CRISPR screen highlights genes behind T cell plasticity in autoimmunity
Researchers at University Hospital Hamburg-Eppendorf have laid the foundation to screen for molecules that shift Th17 cells from proinflammatory or immune-dampening mode.
Pro-inflammatory CD4-positive T cells are major drivers of autoimmune diseases, yet therapies modulating T cell phenotypes to promote an anti-inflammatory state are lacking. Modulating plasticity, the ability of T cells to adopt an pro-inflammatory or an immune-dampening state, in pathogenic T cells to promote a tolerogenic phenotype is a promising therapeutic approach in autoimmunity and cancer. To explore how pathogenic TH17 cell plasticity is regulated in mouse models of kidney and gut inflammation, Leon Enk and colleages at University Hospital Hamburg-Eppendorf optimised an in vivo pooled single-cell CRISPR droplet sequencing (iCROP-seq) screen that allowed the assessment and quantification of CRISPR-modified TH17 cell polarisation states in vivo.
CRISPR-based gene targeting in TH17 cells could be ranked according to the resulting transcriptional perturbations, and polarisation biases into T helper 1 (TH1) and regulatory T cells could be quantified. Furthermore, the researchers demonstrated that iCROP-seq can facilitate the identification of therapeutic targets by efficient functional stratification of genes and pathways in a disease- and tissue-specific manner. These findings uncovered TH17 to TH1 cell plasticity in the human kidney in the context of renal autoimmunity.

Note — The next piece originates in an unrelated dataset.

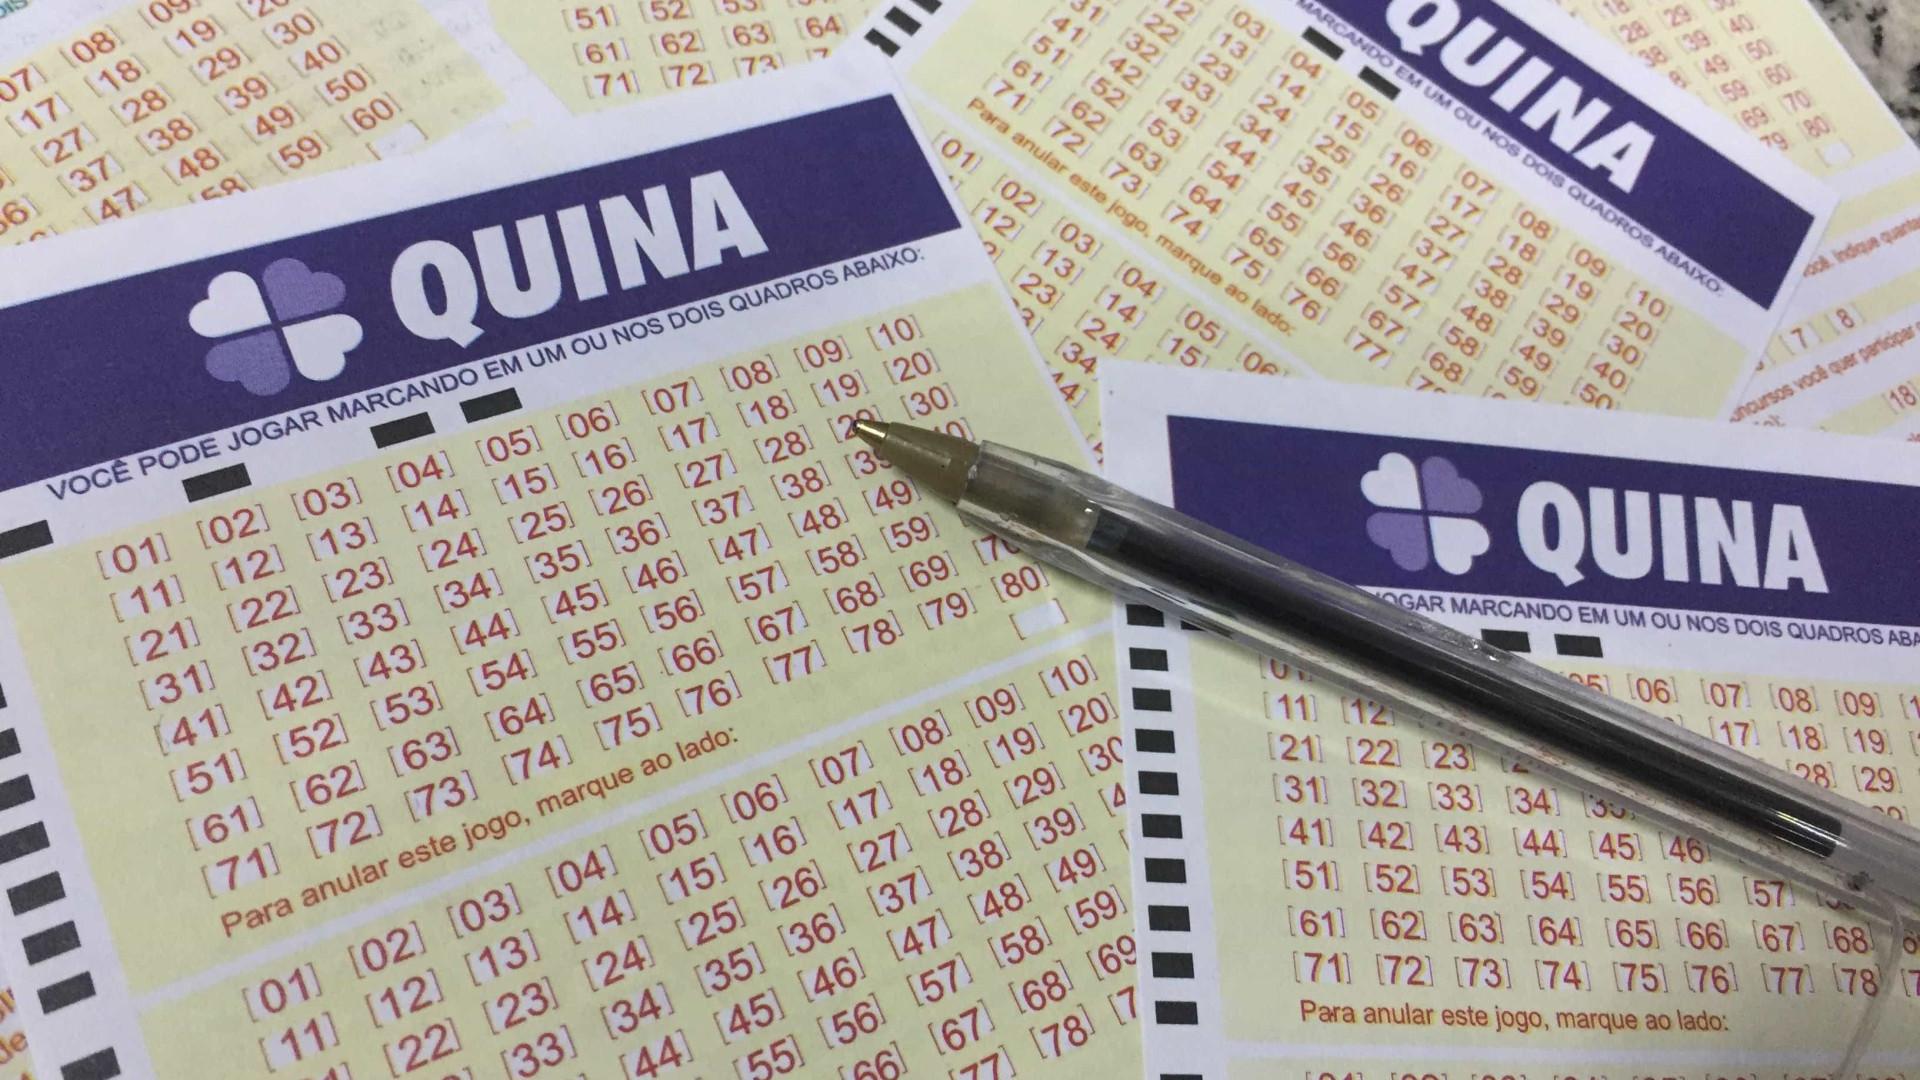 Dois apostadores levam cerca de R$ 620 mil cada na Quina

Thus, using iCROP-seq helped Enk et al. to identify the genes behind Th17 cell plasticity in mouse kidney and gut inflammation models. The researchers also noted this plasticity in kidney biopsies of 11 patients with the autoimmune disease antineutrophil cytoplasmic antibody (ANCA)–associated glomerulonephritis based on single-cell (sc) T cell receptor analysis and scRNA velocity The findings open an avenue to uncover molecules that drive T cells to adopt either pro-or anti-inflammatory states.
With further study, clinicians may be able to manipulate this plasticity therapeutically in ANCA-glomerulonephritis and other auto-immune diseases such as inflammatory bowel disease (IBD) or colitis ulcerosa. “Allowing the screening of numerous therapeutic candidates in one experiment, iCROP-seq is a powerful tool to understand disease mechanisms at the molecular level,” said group leader Christian Krebs. “This could accelerate translational research and help to bridge the translational gap between the identification of transcriptional differences and clinical application by preselecting the most promising candidates for functional testing.”